Coming Home to the Comfort Food Café

Home > Other > Coming Home to the Comfort Food Café > Page 27
Coming Home to the Comfort Food Café Page 27

by Debbie Johnson


  The snow has turned to grey, sleety rain, and I can hear it slapping away on the windows, as though it’s a monster trying to batter its way in. I’m lying in bed, listening to it, trying to persuade myself to drift off to sleep, when someone thumps on the door. I ignore it – it’s probably a drunk person, and I’m in no state to deal with a drunk person.

  I clench my eyes shut, as though that will somehow stop me from hearing, as the thumping comes again. I continue to ignore it, and hear swearing as well. Then the sound of a car door opening and slamming again, and some commotion across the road. Drunk people, like I thought.

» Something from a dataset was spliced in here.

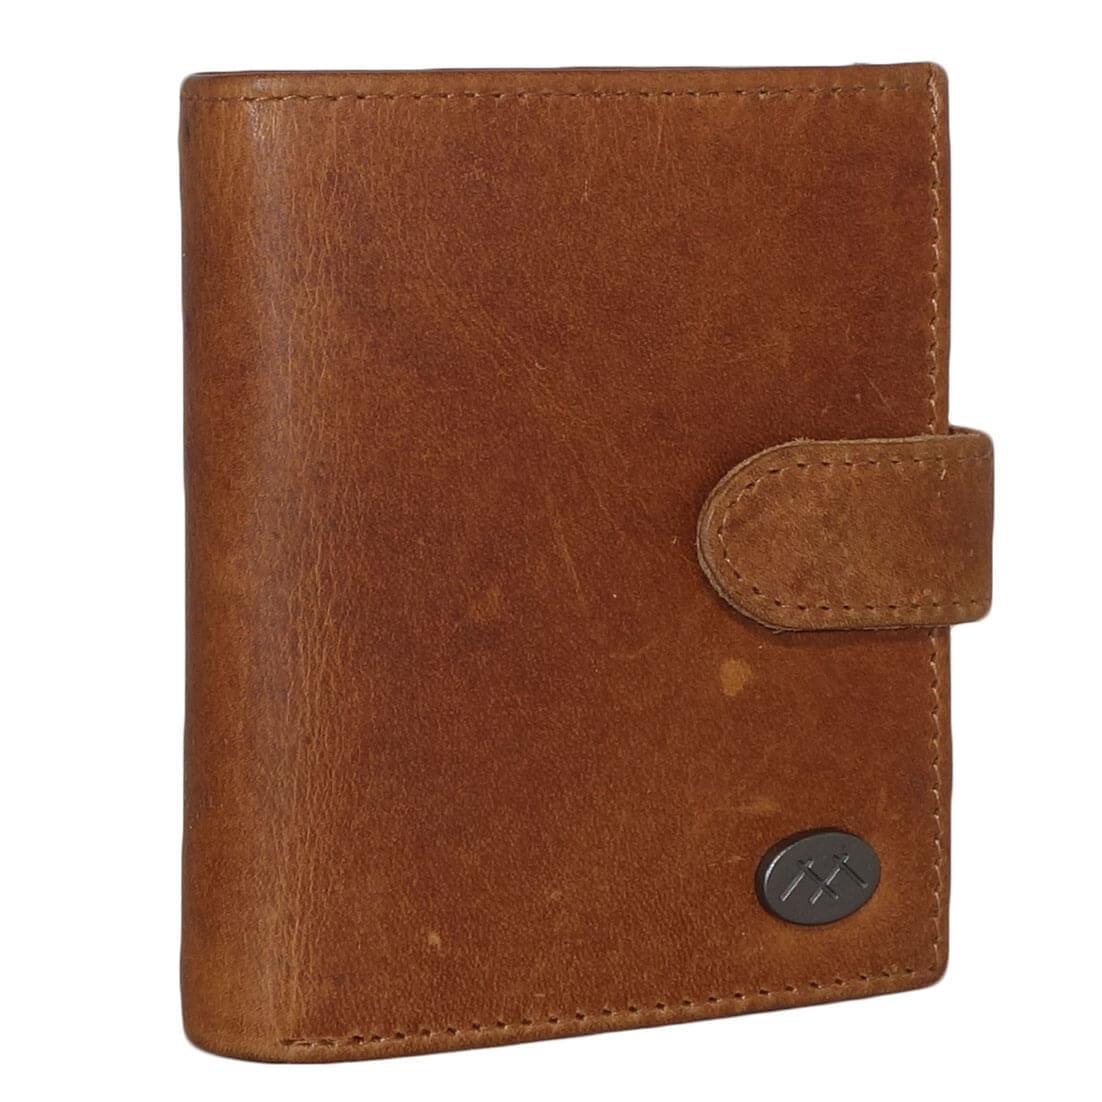 MicMacbags RFID Pasjeshouder met Drukknoop Cognac-0

  A few minutes later, the drunk person seems to have somehow found a key to my flat, and I sit up in alarm as I hear the door scraping open. I jump to my feet, ready to rock, and grab up a hefty hardback copy of the Oxford English Dictionary to protect myself with – words can definitely be mightier than the sword.

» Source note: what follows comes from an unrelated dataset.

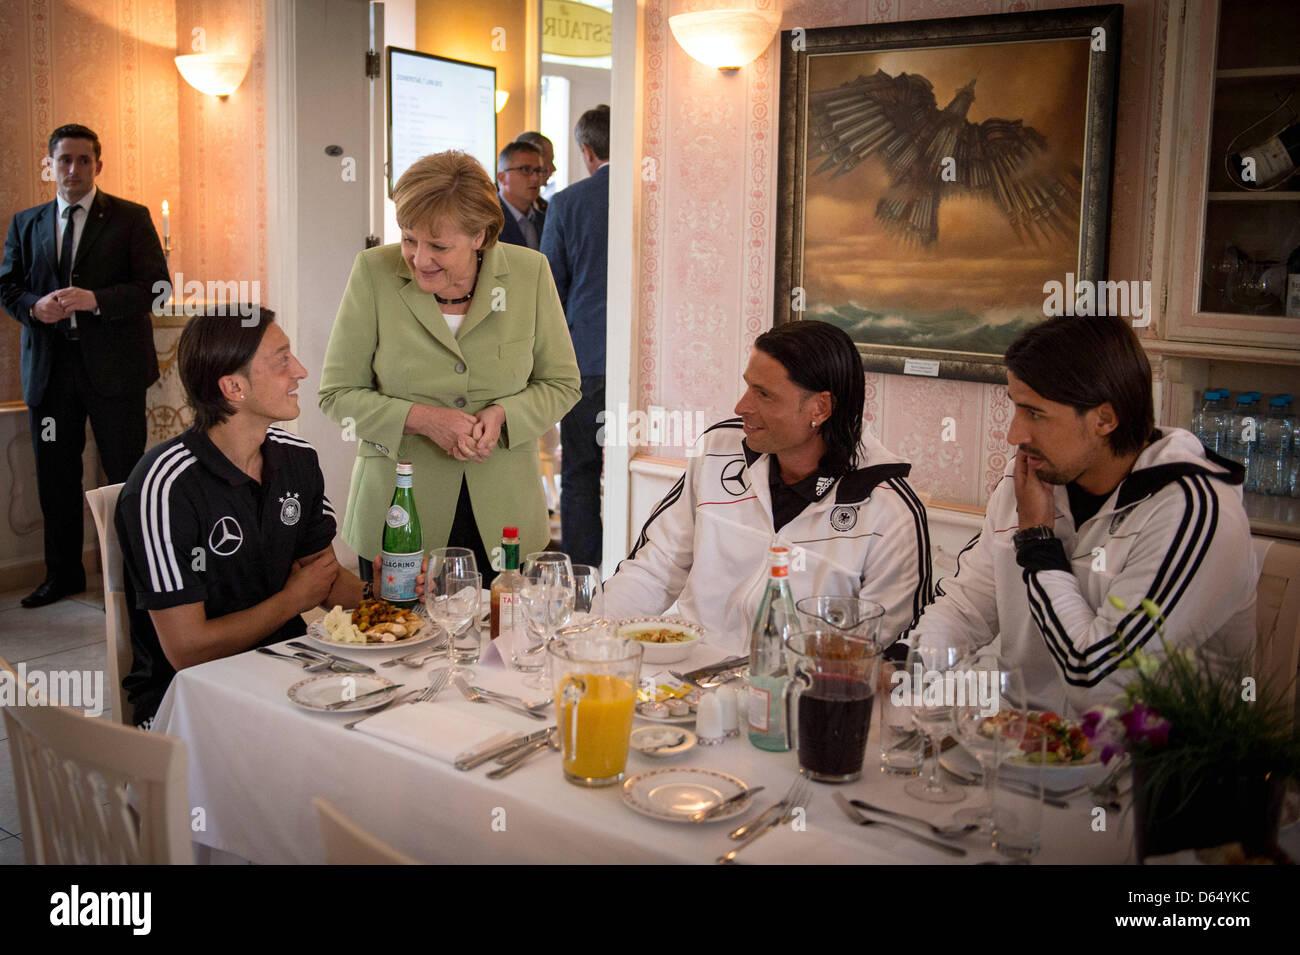 HANDOUT- Bundeskanzlerin Angela Merkel unterhält sich am Mittwoch (06.06.2012) während eines gemeinsamen - Stock Image

  I have it lifted in the air and ready to swing when the door opens, and Cal walks in. He takes one look at me – at the dictionary, at the aggressive stance, at the expression on my face – and immediately backs up, holding his hands in front of him in surrender.

  “Hey! It’s just me … take it easy, Zoe …”

  I let out a big puff of air, and lower my arm. Part of me would still quite like to whack him across the head with a dictionary, but I don’t. I put it down on the bed, and arrange my face into something more neutral. Something less damaged.

  He’s in the room now, making it feel small and crowded, which I don’t like. He’s forgotten his usual cowboy hat, and is soaking wet – presumably from traipsing around in the sleet outside. His hair is trailing rain down his neck, and his white T-shirt is moulded to his body in a way that very unfairly makes me feel vaguely lustful.

  “What are you doing here?” I ask, stamping down on the vaguely lustful and performing that artfully British task of distracting myself by putting the kettle on. Again. “And where’s Martha? Is she all right?”

  He strides over, takes the kettle out of my hands, and places it out of reach. He turns me around so I’m forced to face him, and stares into my eyes as he talks.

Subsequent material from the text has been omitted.